You made a mistake there; it should be 820, not 82. It’s also easier to make mistakes with your calculations using the secant method. My recommendation: use the method that Soroban and I used. :rolleyes:
• December 21st 2007, 11:58 AM
Geometor
haha thanks for pointing it out :D
i wrote 820 in my calculations though phew
• December 21st 2007, 03:04 PM
loui1410
Quote:

Originally Posted by Soroban
Hello, Geometor!

I have a solution . . . hope it's acceptable.

Let $x \:=\:OC.$

Draw an altitude from $O$ to $AB$; call it $OD.$

In right triangle $ODA,\:OA = 5,\:AD = 4\quad\Rightarrow\quad \cos A \:=\:\frac{4}{5}$

Law of Cosines: . $OC^2 \;=\;AC^2 + OA^2 - 2(AC)(OA)\cos A$

So we have: . $x^2 \;=\;18^2 + 5^2 - 2(18)(5)\left(\frac{4}{5}\right) \;=\;205$

Therefore: . $x\;=\;\sqrt{205}$

• December 21st 2007, 03:08 PM
JaneBennet
Because OAB is an isosceles triangle (so the perpendicular from O to AB bisects AB).
• December 21st 2007, 03:09 PM
loui1410
Oh right, sorry :o it's 2:07 AM here lol
• December 21st 2007, 04:25 PM
Plato
Quote:

Originally Posted by JaneBennet
My recommendation: use the method that Soroban and I used.

Reading the title of the posting “Circle Theorems” why would you recommend against using a very basic theorem about circles?

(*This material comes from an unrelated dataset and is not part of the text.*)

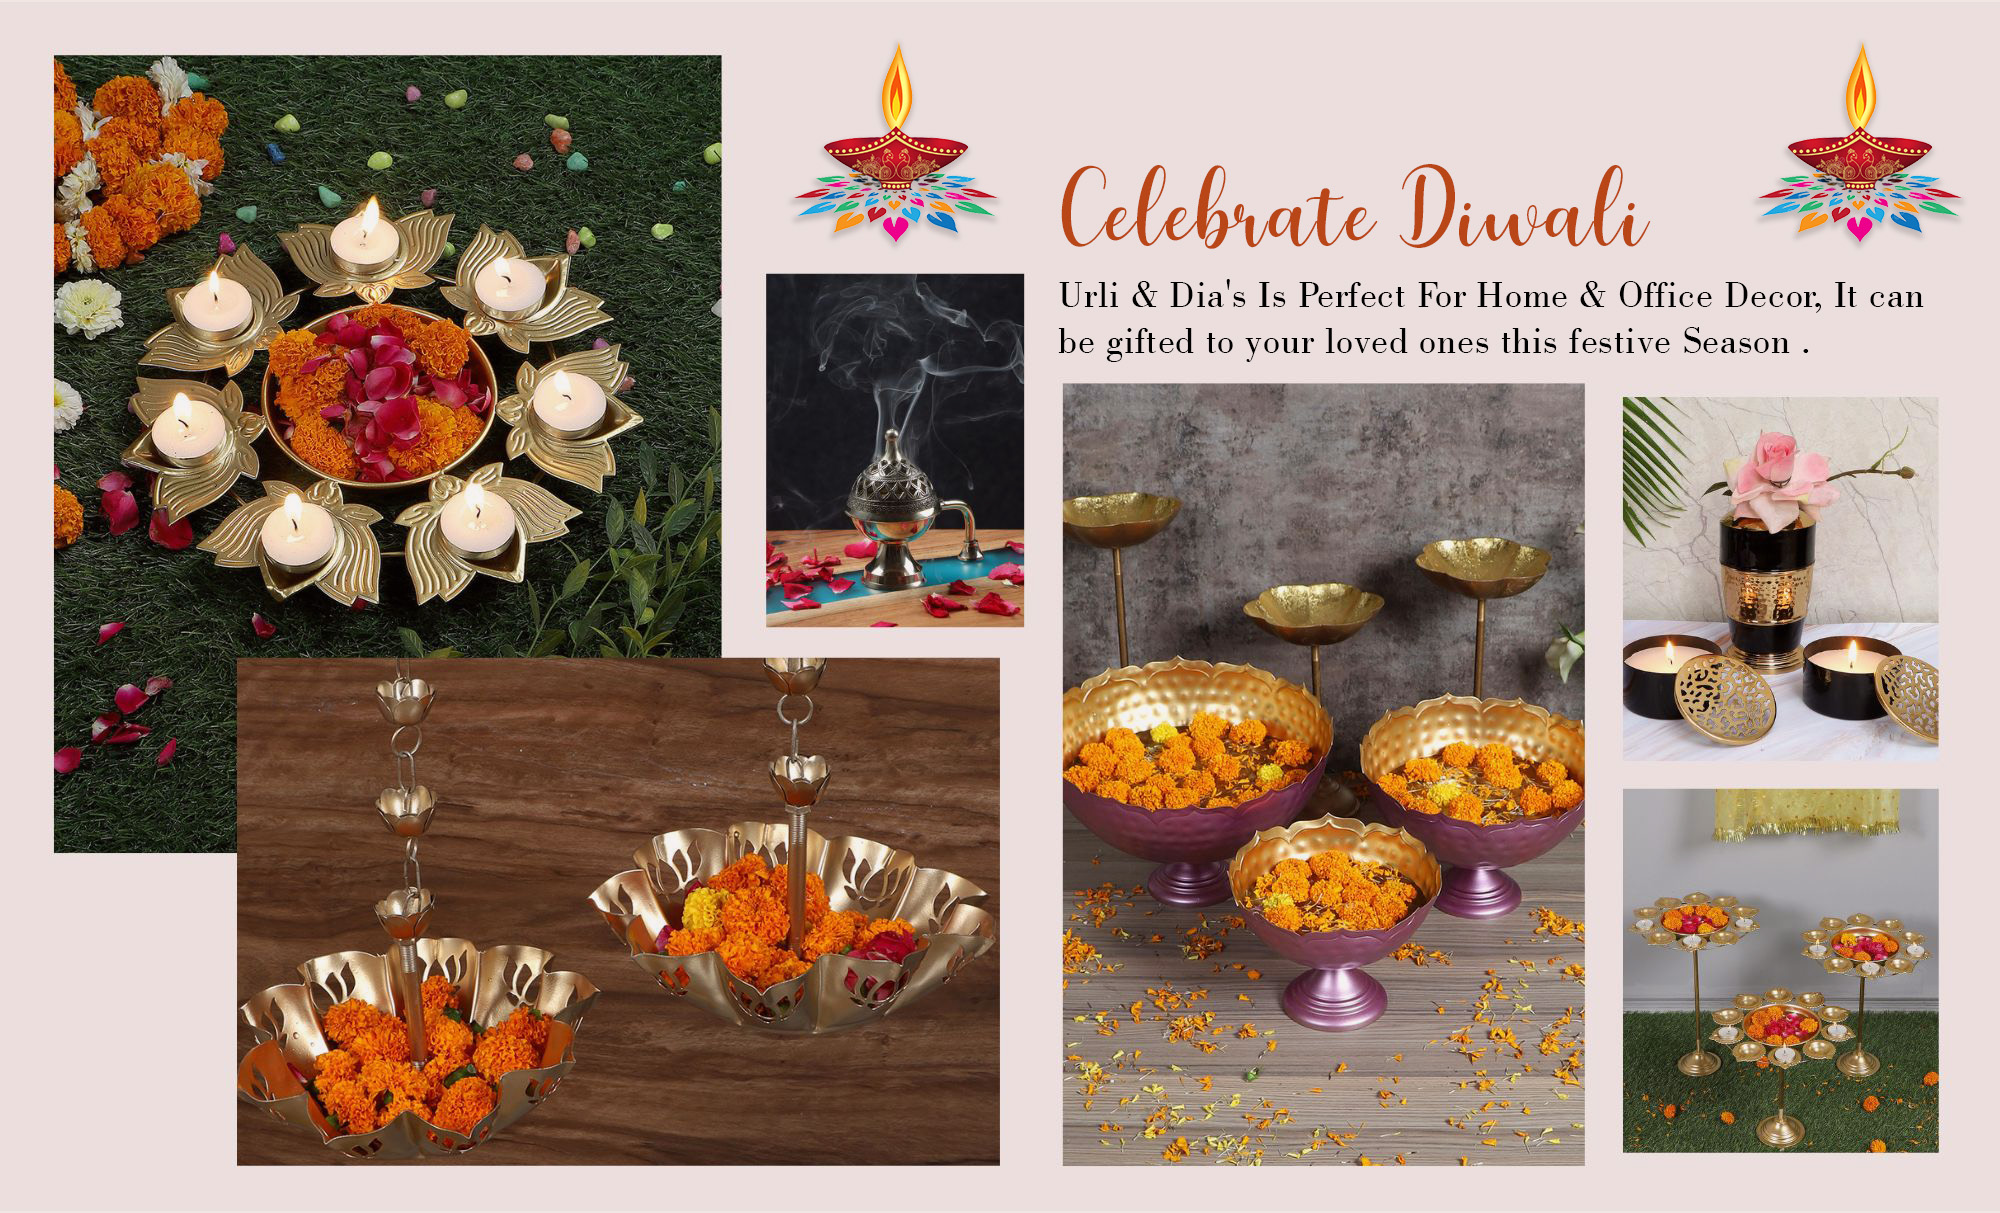 Celebrate Diwali in Style with these 5 Premium and Luxury Gift Ideas

The approach that you advocate is not unique to theorems about circles but rather belongs to the general discussion about triangles.
• December 21st 2007, 05:04 PM
JaneBennet
I didn’t realize you had to use the theorem to solve this problem. My apologies.